Friday, April 10, 2015

What's Love?

So how do you define love?  Is it a feeling, an action, a thought, or somewhere between all three?  Can you feel love in the absence of growth?  Can love die simply from inaction?  If you truly love someone can that love truly ever die?  Can you love someone you dislike?  You think you know the answers to these questions?   Well maybe…..but what if everything you thought you knew was not reality?  What if your perception was slightly askew and what you thought unconditional love wasn’t in fact unconditional?  What if, unconditional love was something more, something greater than what you have yet experienced?  What if you never really have experienced such love, but found out how you could?

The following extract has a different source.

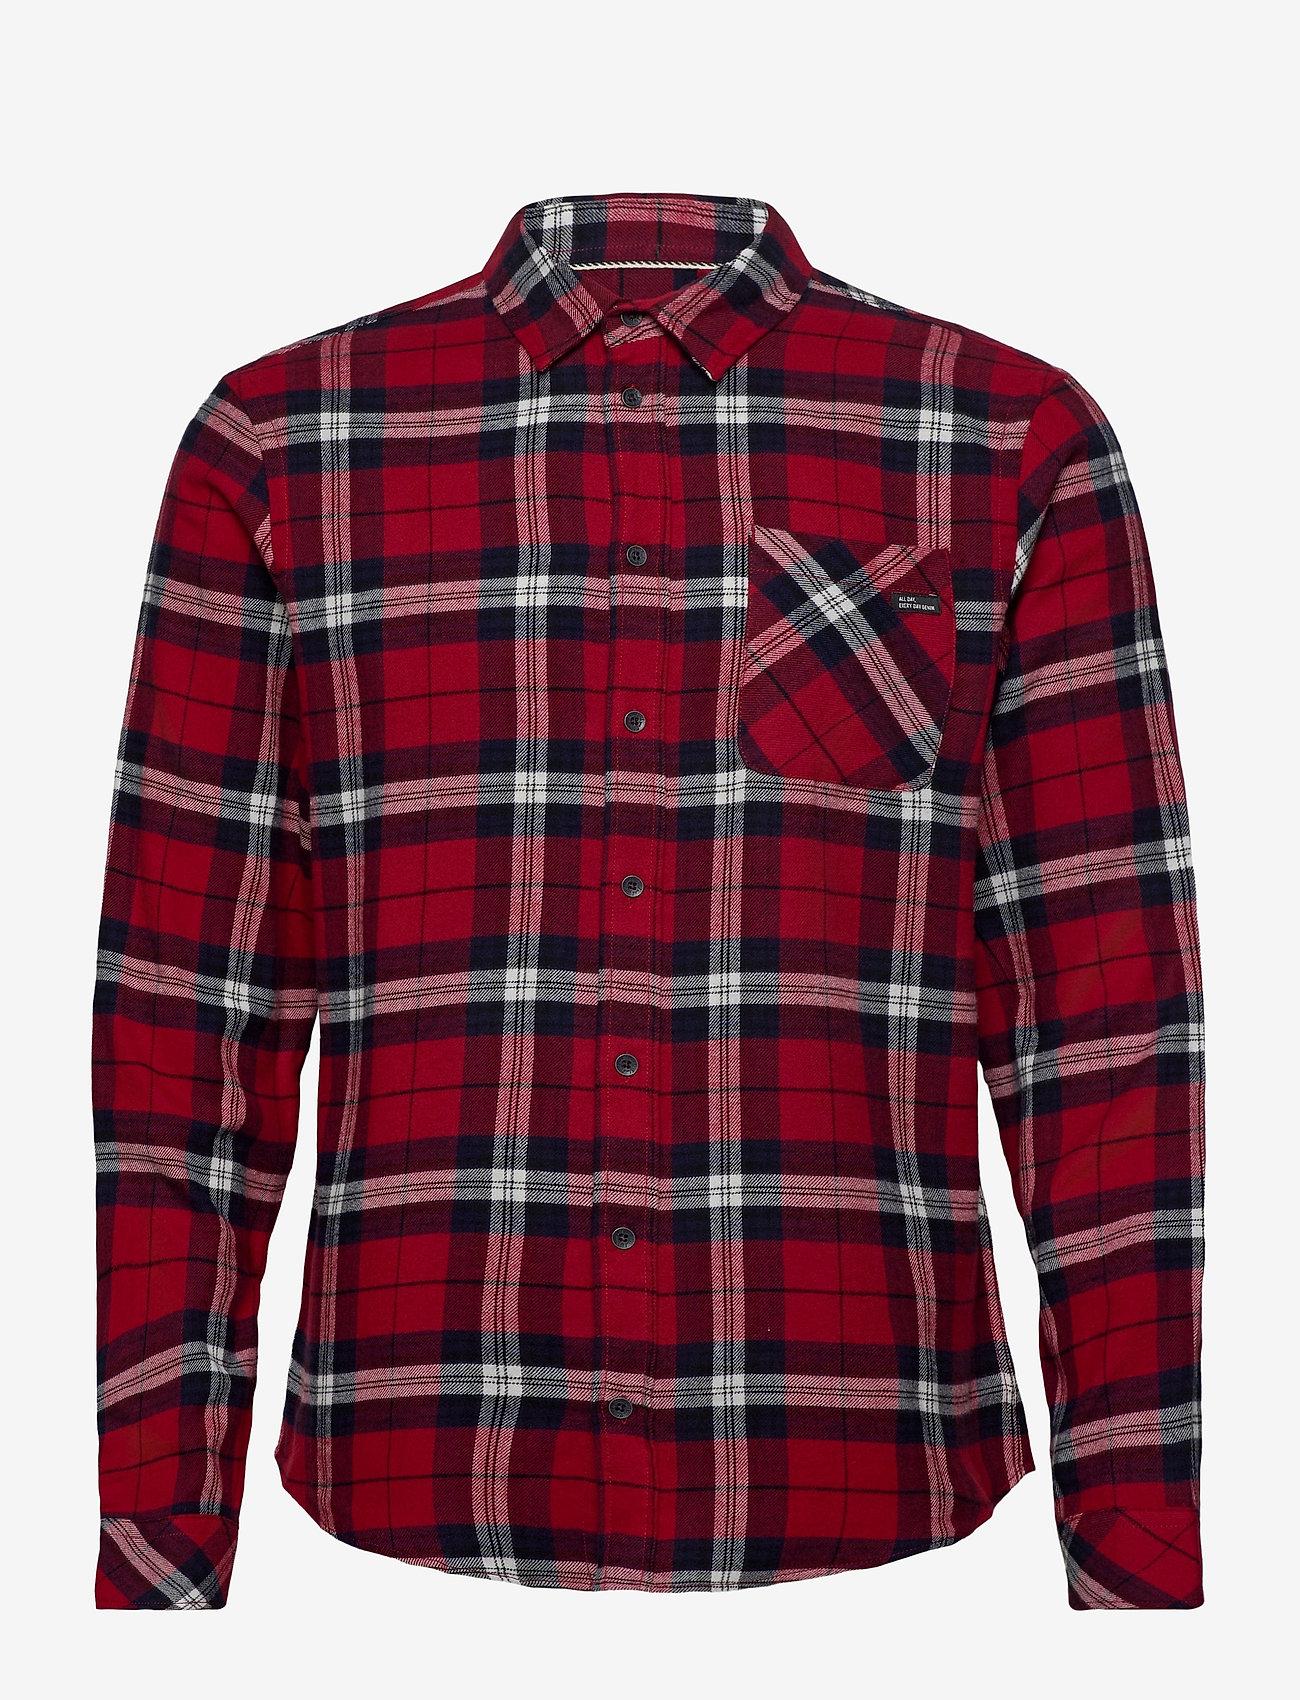 Blend - Shirt - koszule w kratkę - chili pepper - 0

As children we are thought to receive unconditional love from our parents.  Ask yourself this, how dysfunctional was the household in which you grew up?  To some degree every household is dysfunctional, but depending upon the level of dysfunction determines the level of conditions placed on the amount of love received.  There is a level of trust and boundaries that get broken in childhood depending upon the parents’ healthy boundaries and mental/emotional functionality that sets the foundation for how those children will grow up and love, be loved, and choose love…How “conditional” the love they provide to others or receive from others.  An example would be parents who are boundaryless and invade their children’s emotions by dictating how the child should feel with the unspoken understanding that if the child didn’t adhere and shut down their natural feelings they would not be accepted and therefore loved.

As adults we find ourselves in relationships, whether friendships or love partnerships, that we would like to think are unconditional….but most of the time are not.  Ask yourself this, how many “pass/fail” requirements are in your relationships?  How quick are you to judge your friends or lovers if they say or perform for you?  Are your relationships one sided or go both ways?  An example would be a friend who you always know will be there for you, check on you, take care of you, but because your needs are met in the relationship it never occurs to you whether you are doing the same for the other person….Once that friend gets fed up with the one sided relationship stops their overfunctioning role and you get mad and question the friendship…never once really looking at the part you played in it. 

Conditions come in all shapes and sizes and in all forms of function or dysfunction.  Boundaries are important in all relationships at all ages and in fact are necessary to maintain a solid, healthy relationship.  Boundaries should be established and verbalized and maintained.  Boundaries are not however conditions of love but conditions of relationship.  Conditional love is a whole other ball of fun.  Someone having to perform certain acts in order to hold your love is not real love.